Type of Document Dissertation Author Scardina, Robert Paolo Author's Email Address email@example.com URN etd-03252004-084851 Title Effects of Dissolved Gas Supersaturation and Bubble Formation on Water Treatment Plant Performance Degree PhD Department Civil Engineering Advisory Committee
Advisor Name Title Edwards, Marc A. Committee Chair Esker, Alan R. Committee Member Knocke, William R. Committee Member Little, John C. Committee Member Novak, John T. Committee Member Keywords
- bubble formation
- water treatment
- gas bubble
Date of Defense 2004-01-19 Availability unrestricted AbstractGas bubbles that form within water treatment plants can disrupt drinking water treatment processes. Bubbles may form whenever the total dissolved gas pressure exceeds the local solution pressure, a condition termed dissolved gas “supersaturation.” This project investigated how bubble formation affects conventional drinking water treatment and examined factors that can reduce these problems.
Gas bubbles attached to coagulated floc particles can reduce settling efficiency and create “floating floc.” In laboratory experiments, bubbles formed on the surface of the mixing paddle, since this was the location of minimum pressure within the system. The formation and stability of floating floc was dependent on many different factors including the amount and type of dissolved gas supersaturation and surface chemistry of the mixing paddle. The intensity and duration of rapid mixing also controlled the amount of floating floc.

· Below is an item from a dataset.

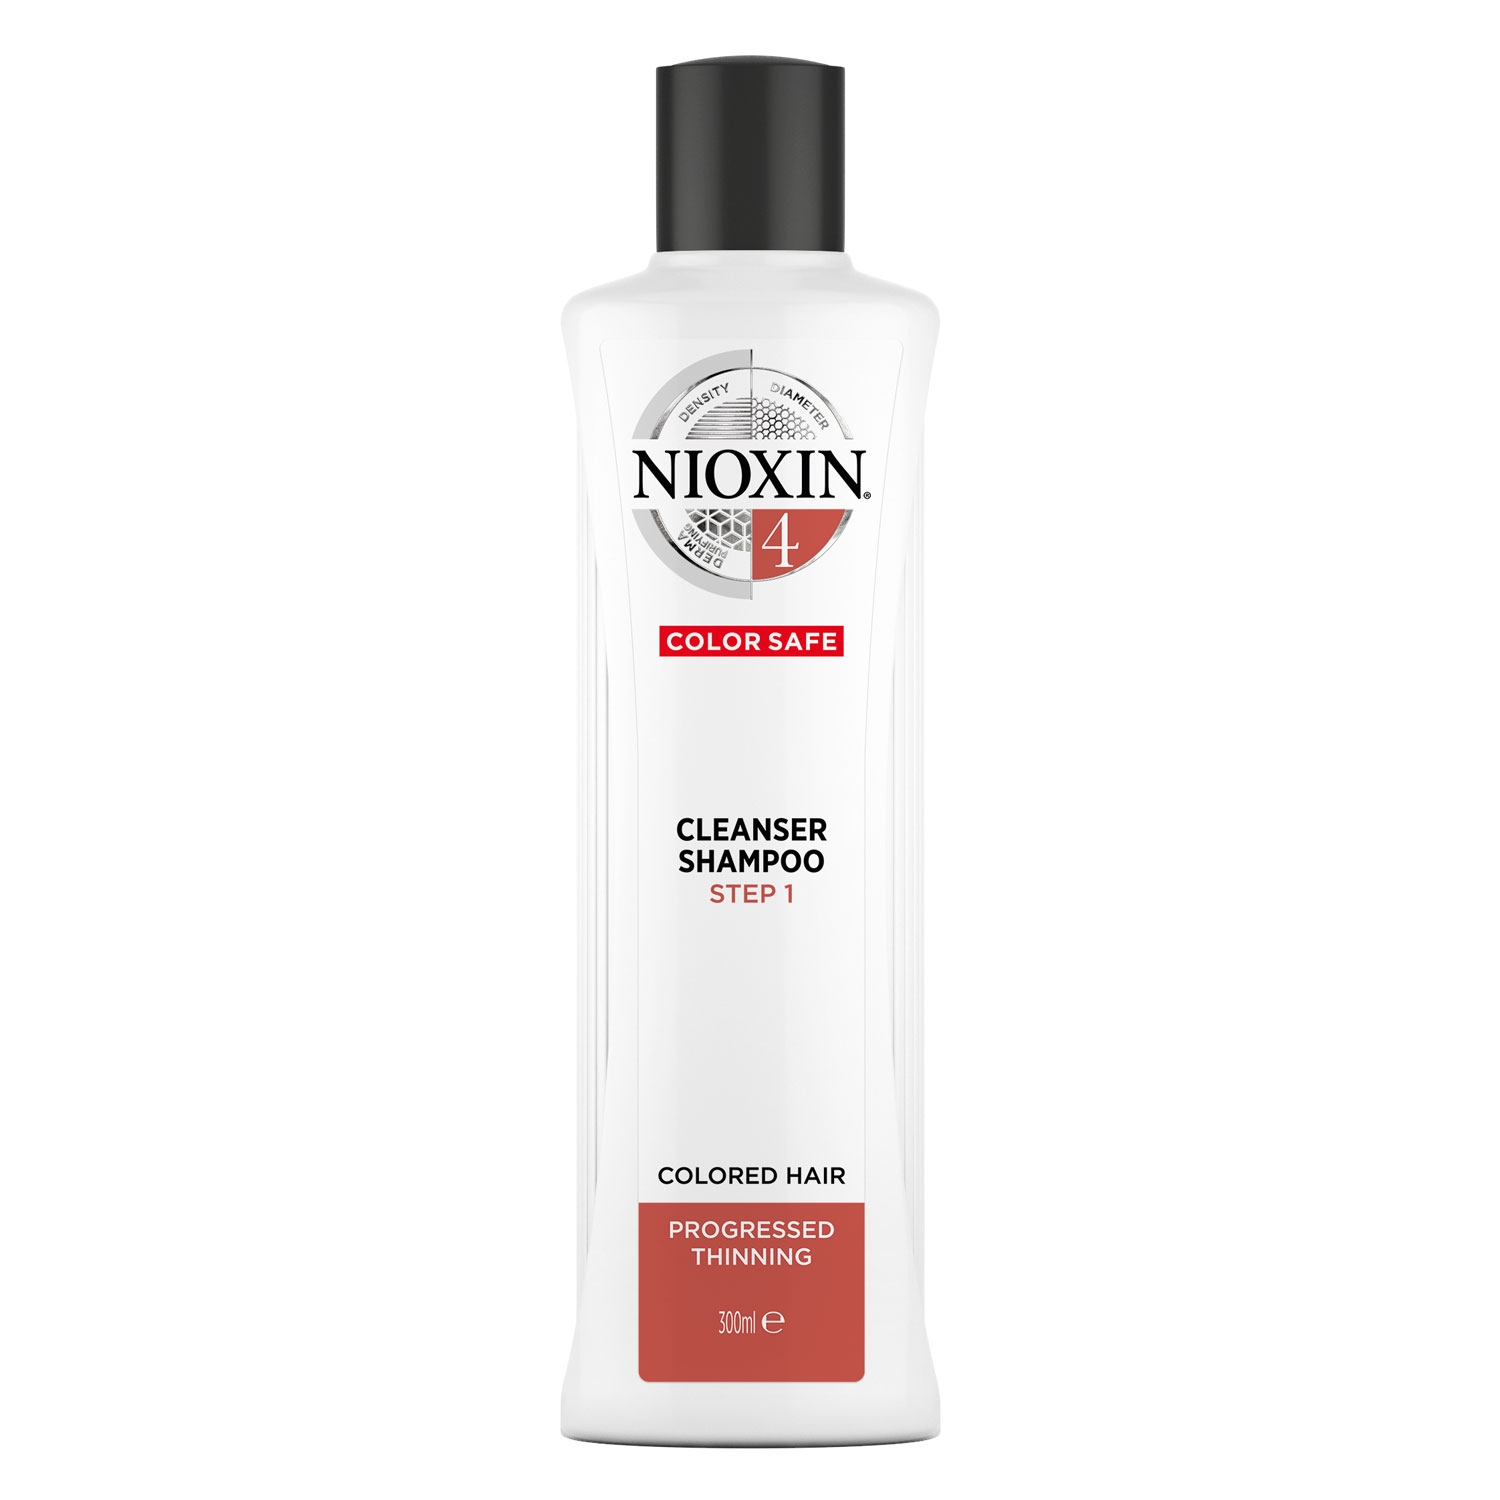 Produktbild von Nioxin - Cleanser Shampoo 4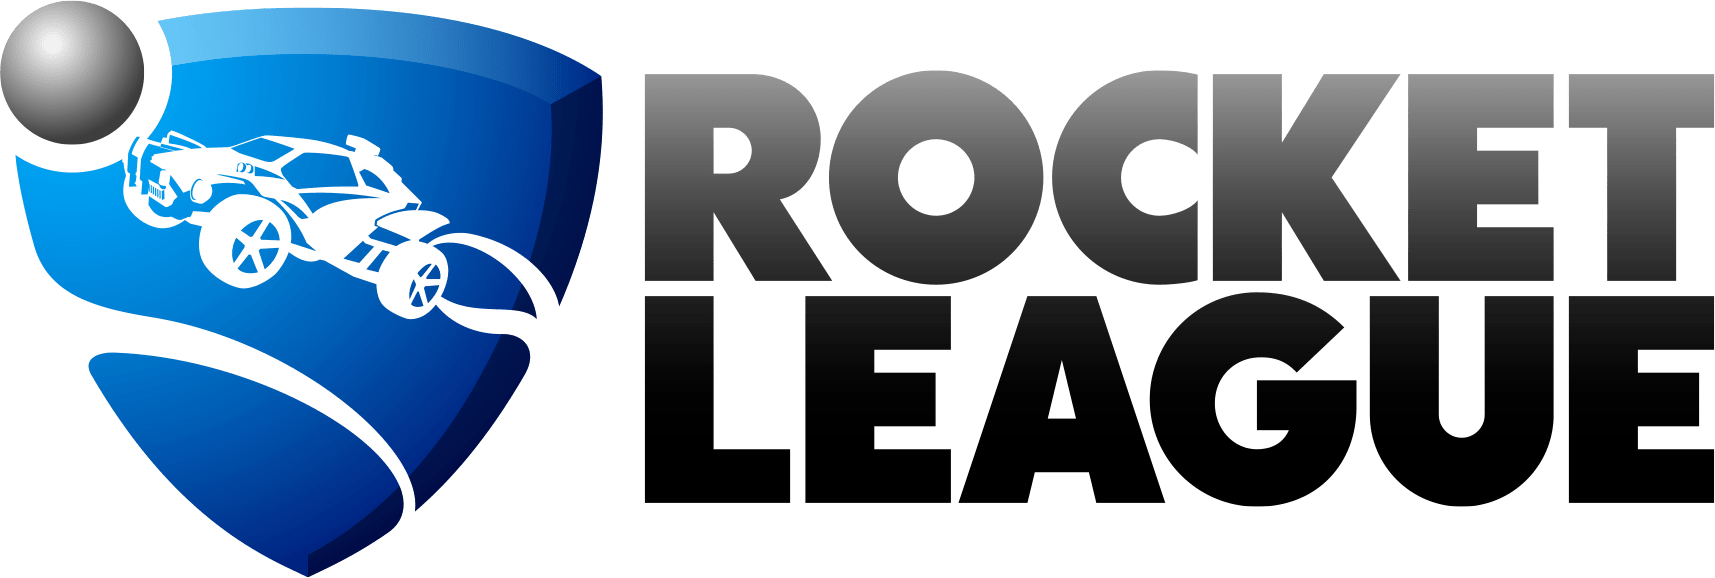 Rocket-League-logo-HZ-on-White

Bubbles forming in filter media can block pore spaces and create headloss, a process popularly termed “air binding.” During benchscale filtration experiments, bubbles were released upwards from the media in a burping phenomenon, and bubbles could also be pushed downwards by fluid flow. Burping is beneficial since it partly alleviates the bubble induced headloss, but the media disruptions might also decrease filter efficiency (particle capture). Bubble formation within filters can be reduced by increasing the pressure inside the filter via greater submergence (water head above the media), lower hydraulic flow rate, or use of a more porous media. The mode of filter operation (declining or constant flow rate) will also affect the local filter pressure profile.
Dissolved gas supersaturation and bubble formation are detected in on-line turbidity devices and particle counters causing spurious measurements. The use of bubble traps usually reduced these problems, but one device worsened turbidity spikes. Flow disturbances may also release bubbles upstream of the on-line turbidimeter, which can cause spikes in turbidity readings.